▶ **TASK PROMPT**
Reproduce the full listing below unchanged, apart from the pictures.

▶ **THE DATA**

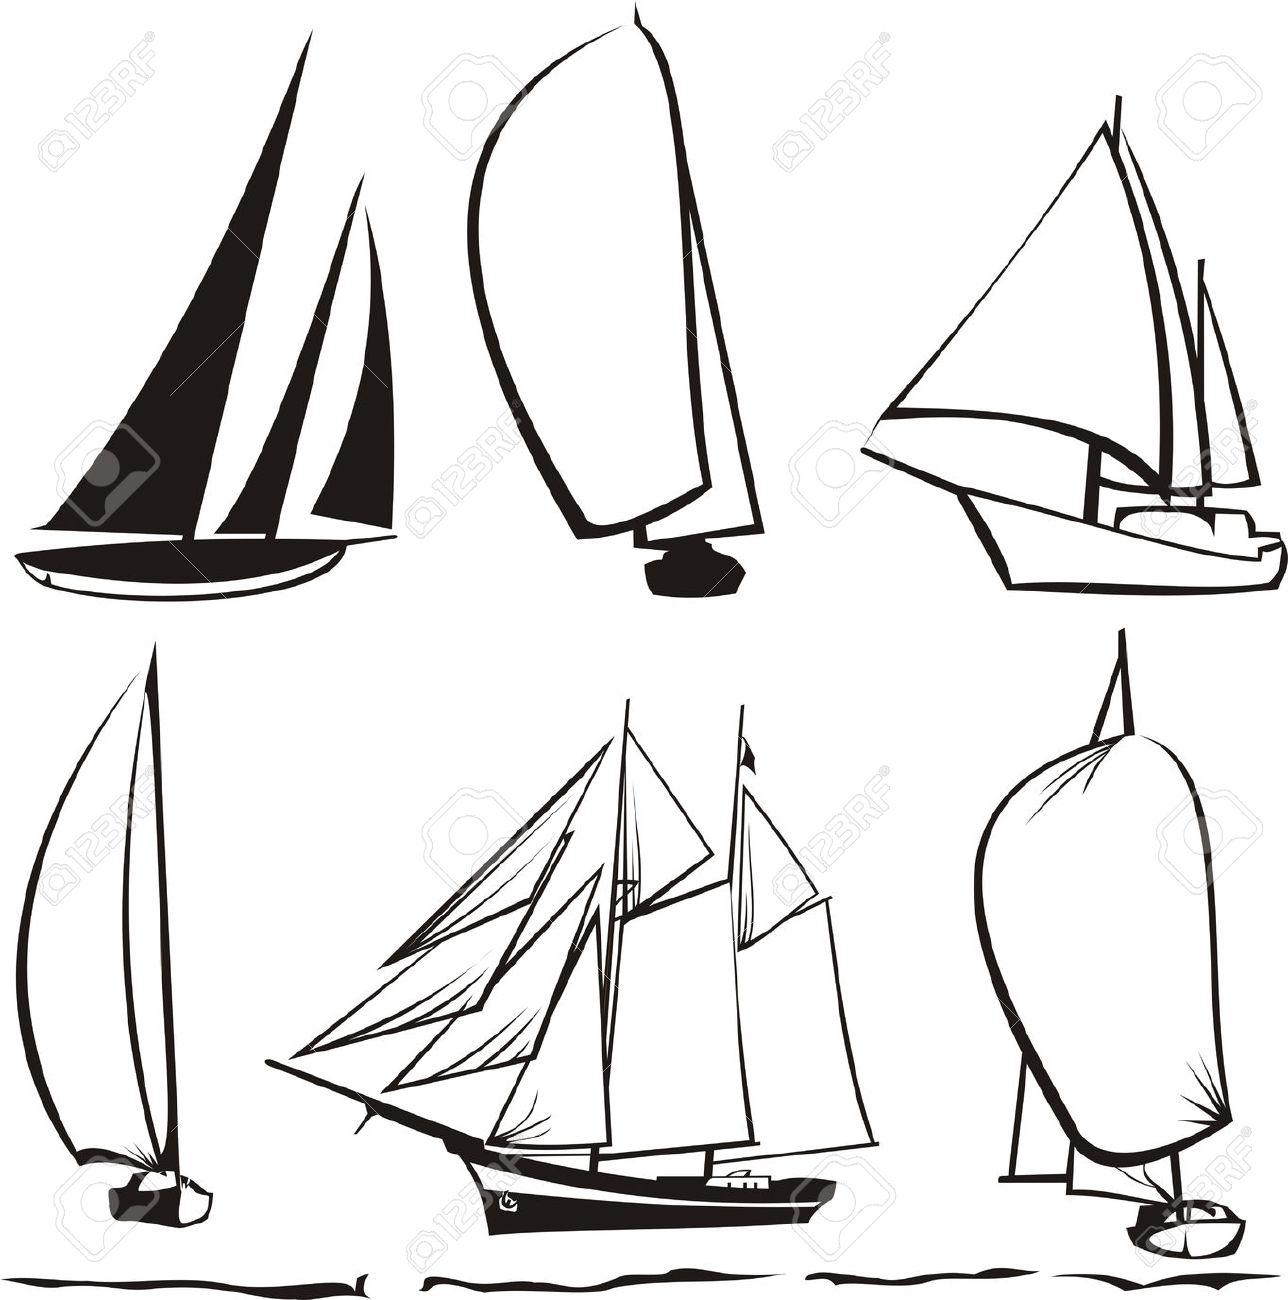 1288x1300 Drawn Sailing Silhouette
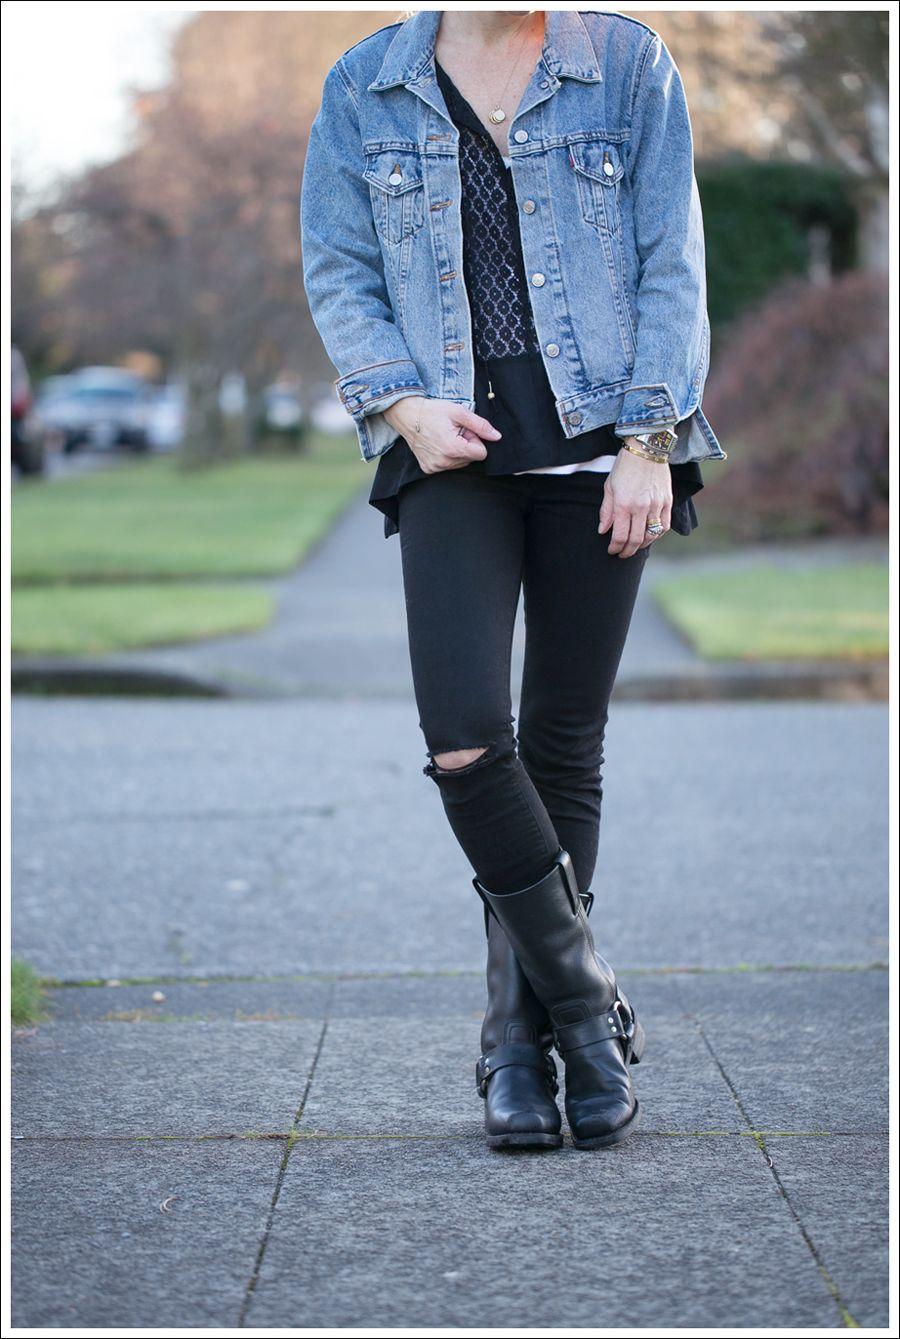 7d4146be530 Vintage Levis Jean Jacket + Ripped Black J Brand Skinny Jeans + Frye  Harness Boots
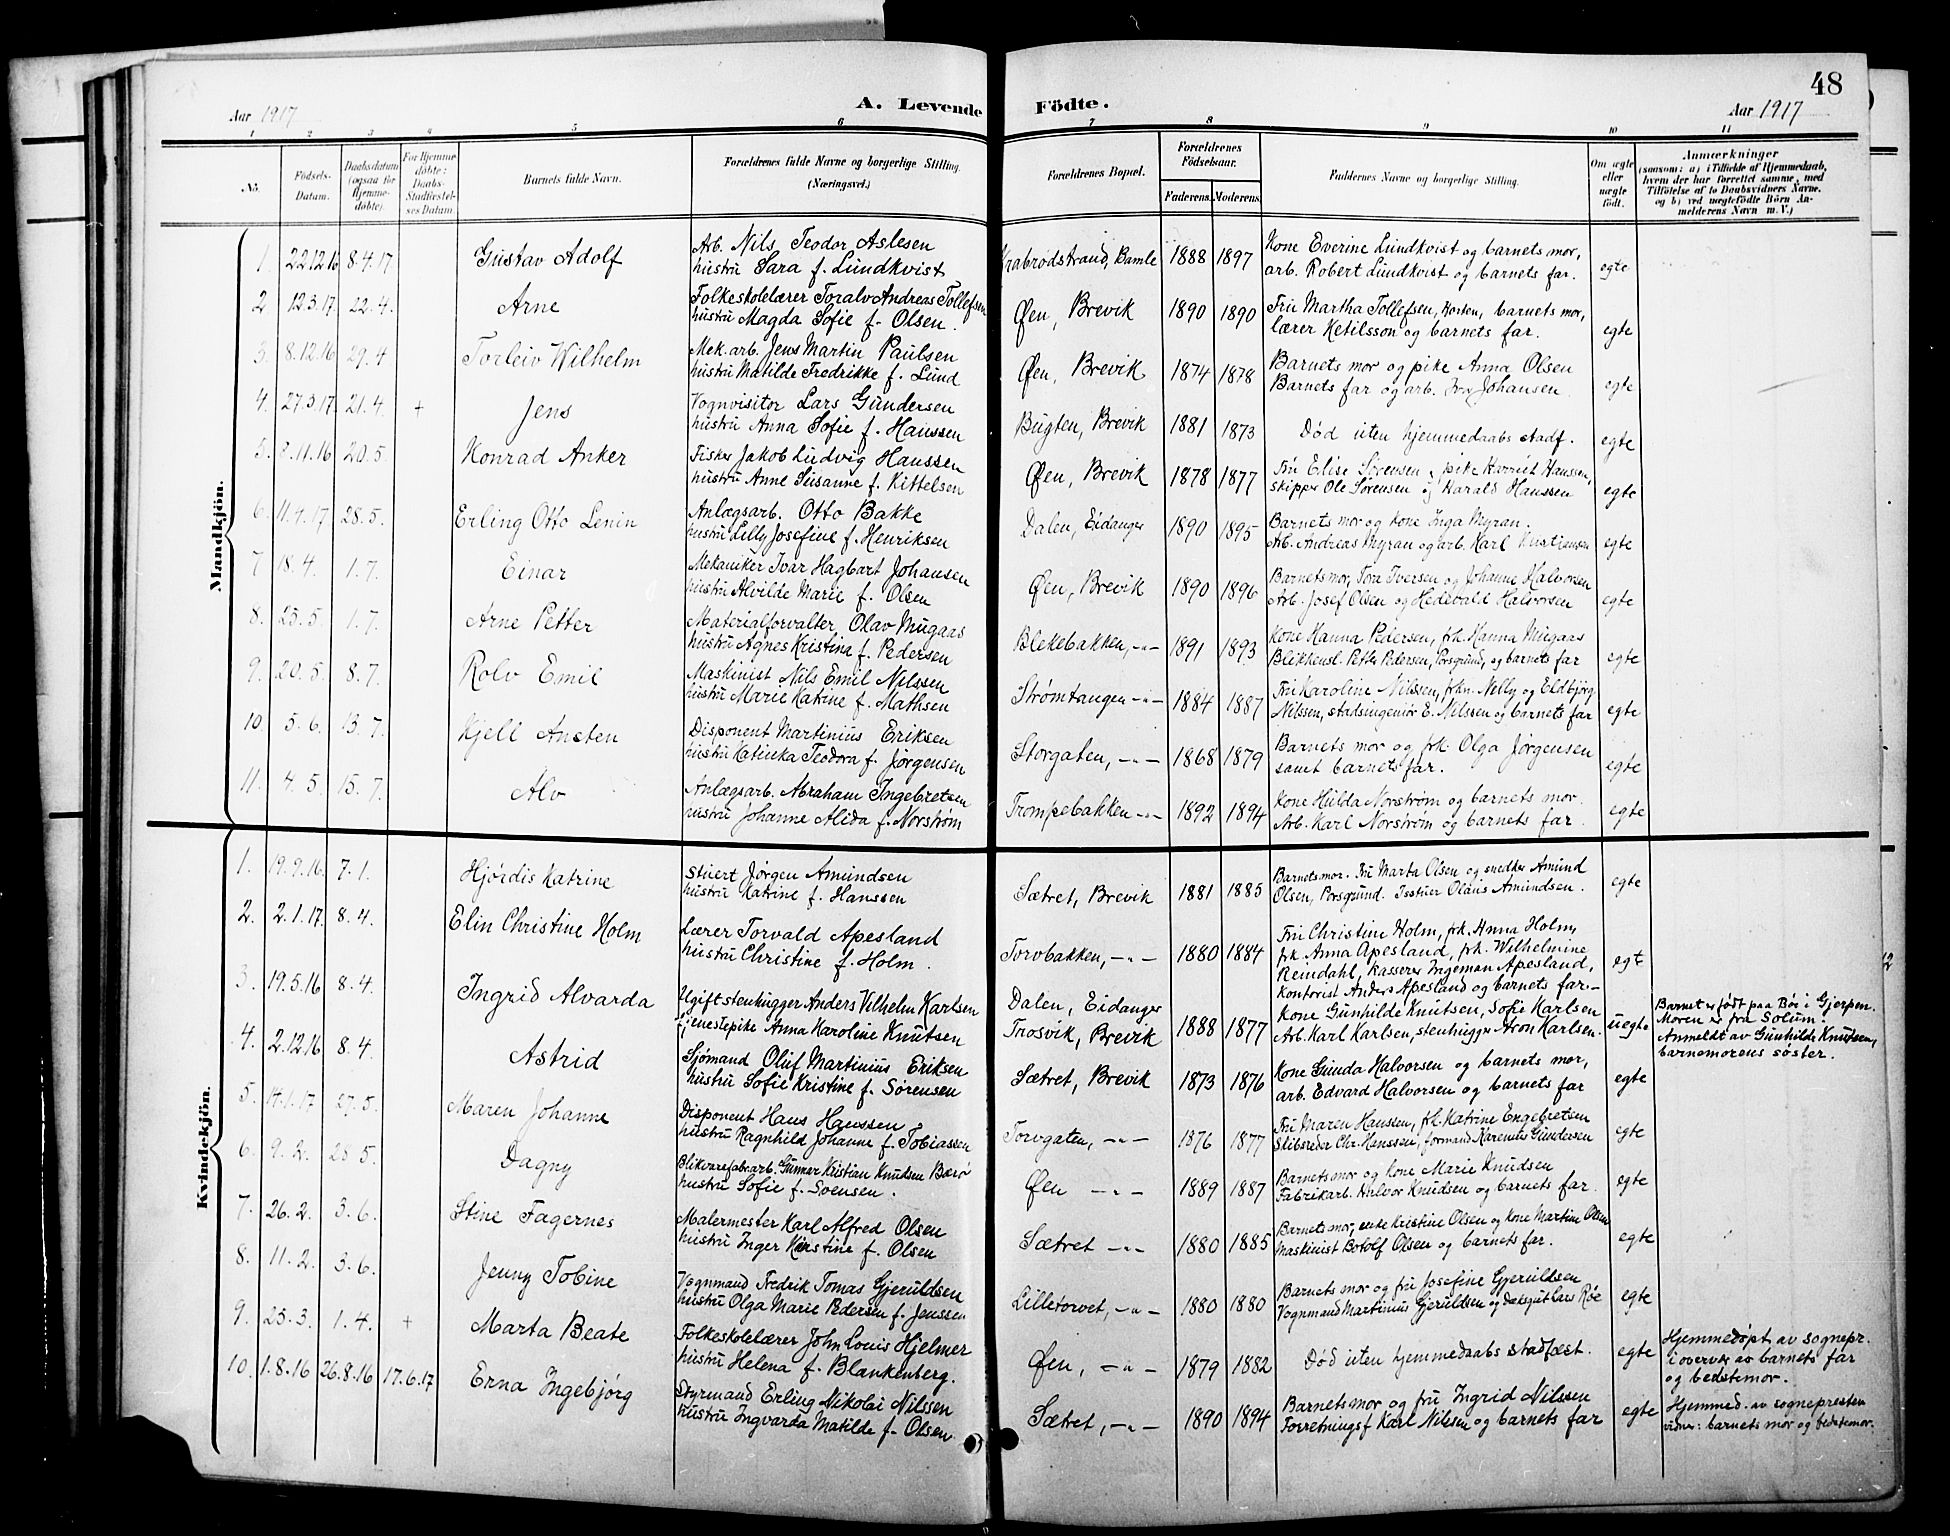 SAKO, Brevik kirkebøker, G/Ga/L0005: Klokkerbok nr. 5, 1901-1924, s. 48

▶ **WORKED SOLUTION**
 1288x1300 Drawn Sailing Silhouette
 7d4146be530 Vintage Levis Jean Jacket + Ripped Black J Brand Skinny Jeans + Frye  Harness Boots
 SAKO, Brevik kirkebøker, G/Ga/L0005: Klokkerbok nr. 5, 1901-1924, s. 48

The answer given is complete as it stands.